Note that none of the above examples change the original hashes; new hashes are returned instead.
Yjerem's answer works in Ruby 1.9, but not in 1.8.x. In 1.8.x the Hash#select method returns an array. Hash#reject returns a hash.
h.reject { |k,v| !j.keys.include? k }
If you want to keep only key-value pairs that have identical values, you can do this:
h.reject { |k,v| j[k] != h[k] }
The edge case there is nils. If you are storing nils in your Hash then you have to do this:
h.reject { |k,v| !j.has_key? k or j[k] != h[k] }
[h].inject({}) { |m,e| e.merge(j) { |k,o,n| m[k] = n }; m}
or
[{}].inject(h) { |m,e| m.merge(j) { |k,o,n| e[k] = n }; e}
or (probably the best, but not technically a single expression) ...

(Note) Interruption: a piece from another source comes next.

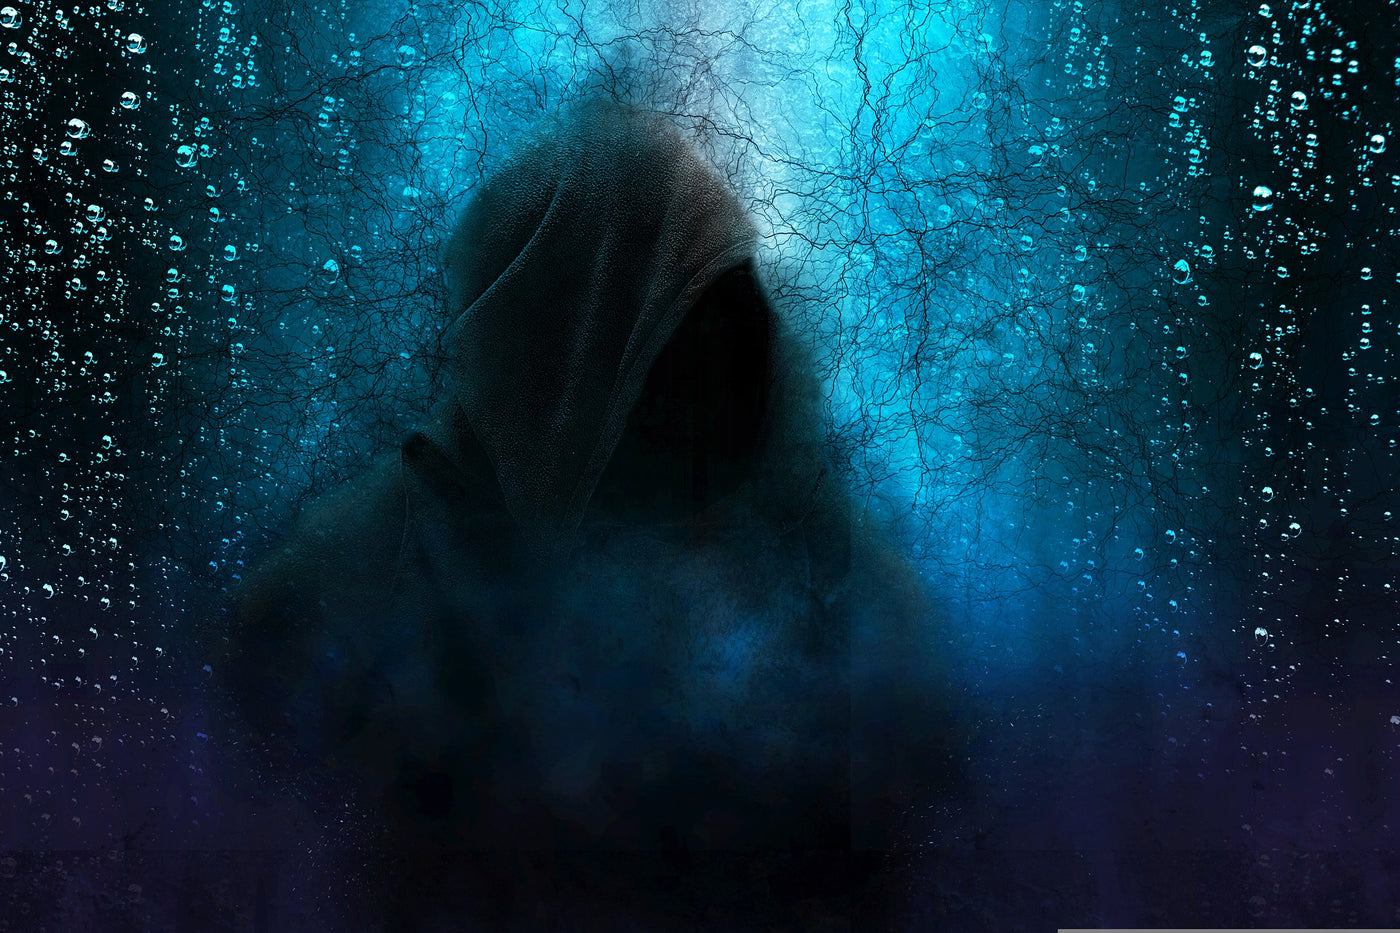 hooded figure in the dark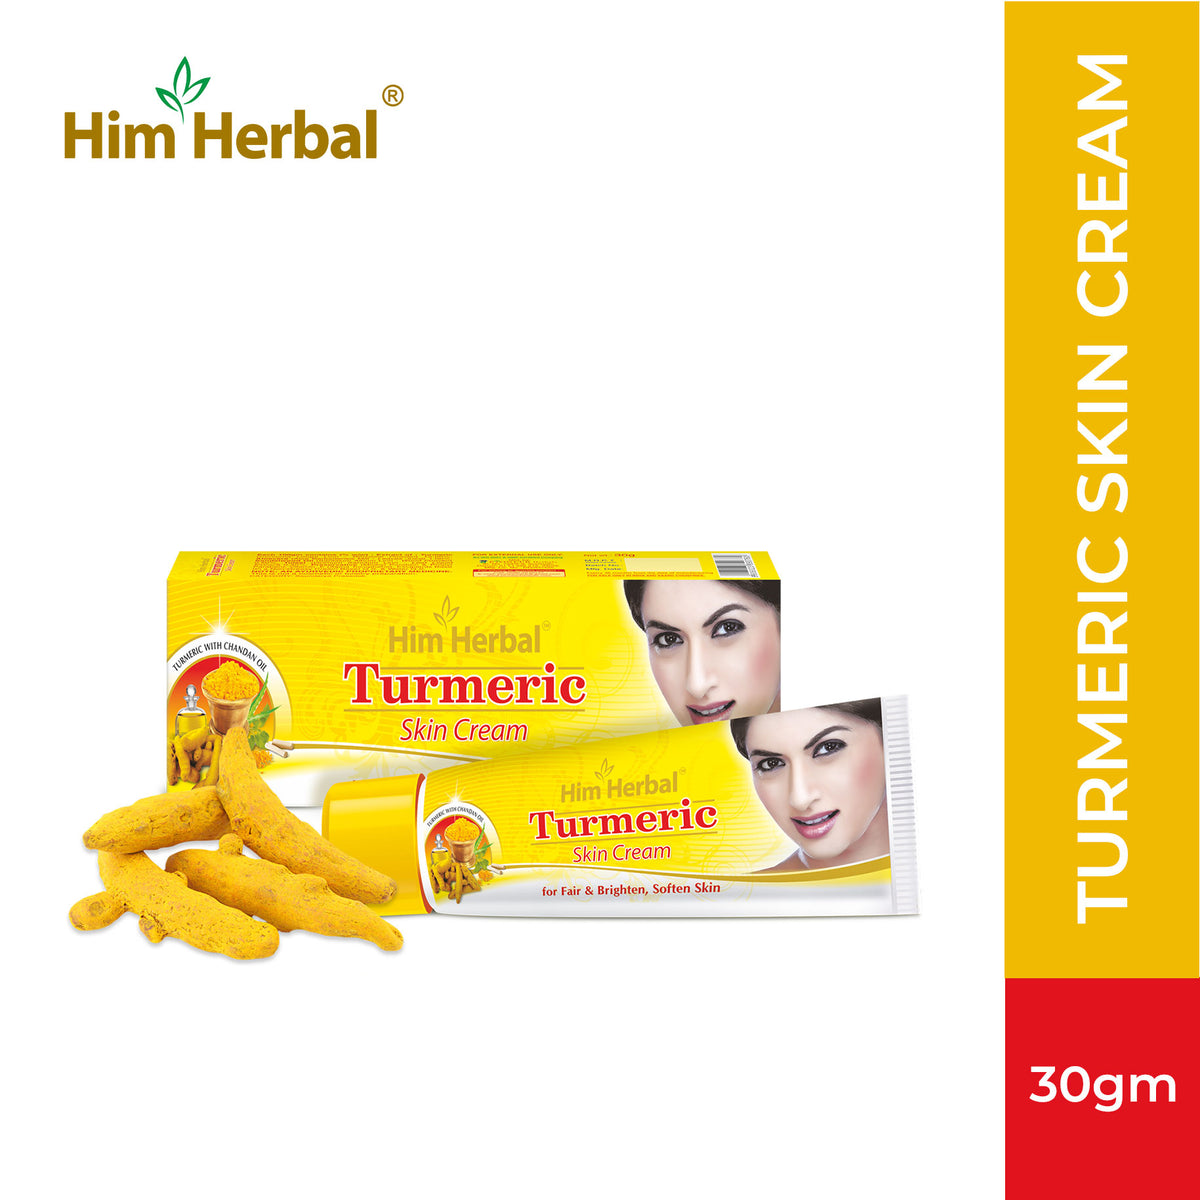 Him Herbal Turmeric (Skin Cream)

t = {}; h.merge(j) { |k,o,n| t[k] = n }; t
The more customized way of doing this is:
h = {"foo"=> "bar"}
j = {"foo" => "baz", "extra" => "value"}
k = h.merge(j)
result: {"foo"=>"baz", "extra"=>"value"}
Here the key "foo" in the second hash is overriding the "foo" in first hash.But if you want to keep the old value i.e bar or if you want keep the new value i.e "baz"? You can do something like this:
k = h.merge(j){|key, old, new| old}
result: {"foo"=>"bar", "extra"=>"value"}
k = h.merge(j){|key, old, new| new}
result: {"foo"=>"baz", "extra"=>"value"}